Homer begins wearing sweatpants to work. Inspired by the film Oppenheimer, Mr. Burns builds a more powerful atomic pile. However, when an explosion is imminent, Homer, with his increased mobility from wearing sweatpants, rescues the power plant by taking out one of the bricks. Burns rewards Homer with two tickets to a baseball game. Meanwhile, Marge sells the pants and imagines what she can do with it. However, she thinks that it will be wasted if she spends it on her children. She also feels guilty about spending the money on herself, so she calls Homer to confess what she did. She learns that he is at a baseball game with a co-worker. Marge is angered that she was not invited because Homer assumed she would not go if asked. Homer feels guilty but cannot make up with her. Marge goes to a jewelry store and buys a ring with the money.

Marge feels guilty for buying the ring. She tries to hide the ring at home but is unable to find a suitable place. She leaves the ring by the front door and goes to bed. At Moe's, Homer continues to feel guilty. Moe tells him that he does not appreciate Marge. When he gets home, Homer finds the ring. Seeing what Marge does for him and their children, Homer puts the ring on her finger while she is asleep. She wakes up, and they forgive each other.

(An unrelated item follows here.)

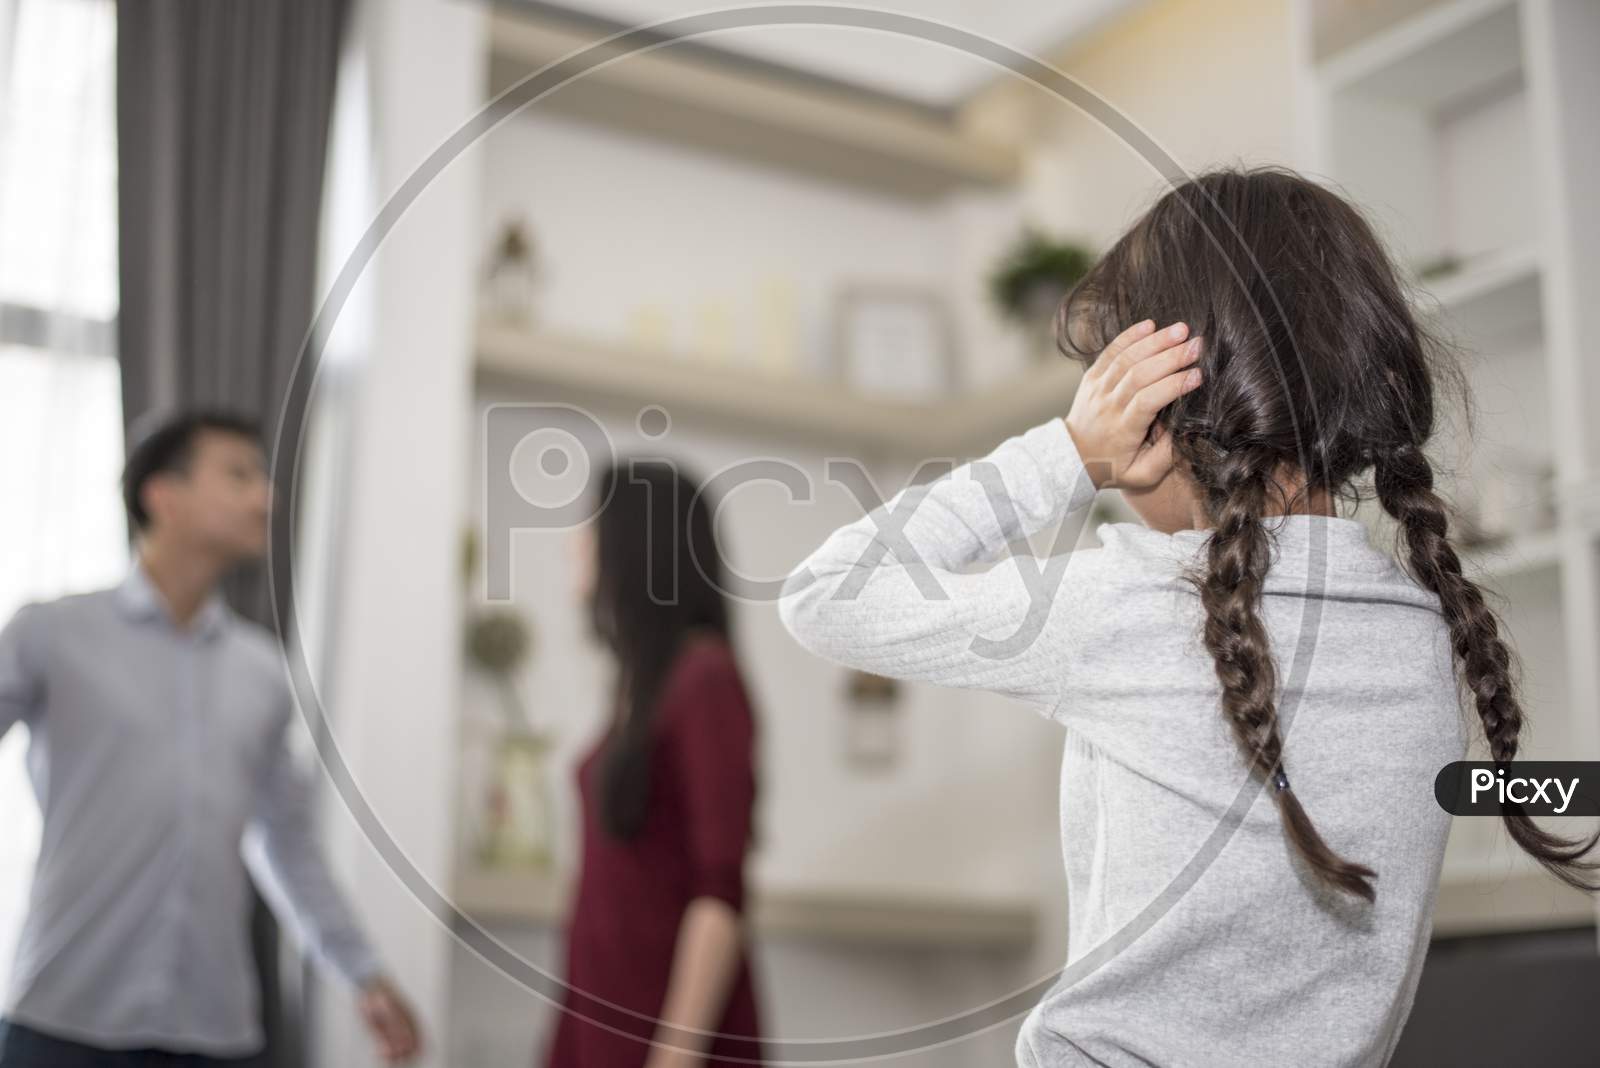 In Back View, Little Girl Puts Her Hands On Her Ears Because She Does Not Want To Hear Her Dad And Mom Quarrel. Close Ears, Family Dramatic Scene, Parrents Issues, Social And Parents Problem Concept

Later, the news reports that the gem on the ring is unethically made, so she decides to wear it only at home.

==Production==
Musician Kipp Lennon guest starred as Elton John. Lennon previously appeared as the singing voice of Leon Kompowsky in the third season episode "Stark Raving Dad."

== Cultural references ==
Mr. Burns discusses the 2023 film Oppenheimer with Smithers as the inspiration for building an atomic pile and is surprised to learn that another film was released the same day, a reference to the Barbenheimer cultural phenomenon.

- The title is a reference to the 1843 short story The Tell-Tale Heart, its film adaptations and the season 1 episode The Telltale Head.
- The musical number, "She's A Mad Wife, Homer J." is a reference to the song based on the 1957 children's book How the Grinch Stole Christmas!, "You're a Mean One, Mr. Grinch"
- Duffman references the Bud Light controversy

== Reception ==

=== Viewing figures ===
The episode earned a 0.26 rating with 0.85 million viewers, which was the most-watched show on Fox that night.

=== Critical reception ===
John Schwarz of Bubbleblabber gave the episode a 6 out of 10, calling the episode's plot "all over the place" and "unoriginal", referring to it as "a bad mish mash of bad ideas that have been done previously".

Mike Celestino of Laughing Place gave the episode a more positive review, particularly praising the Mr. Burns and Smithers subplot.

Brandon Zachary of Screen Rant also thought the episode wasted time to set up the story. He also felt the episode should have added more to the Barbie side of the Barbenheimer joke.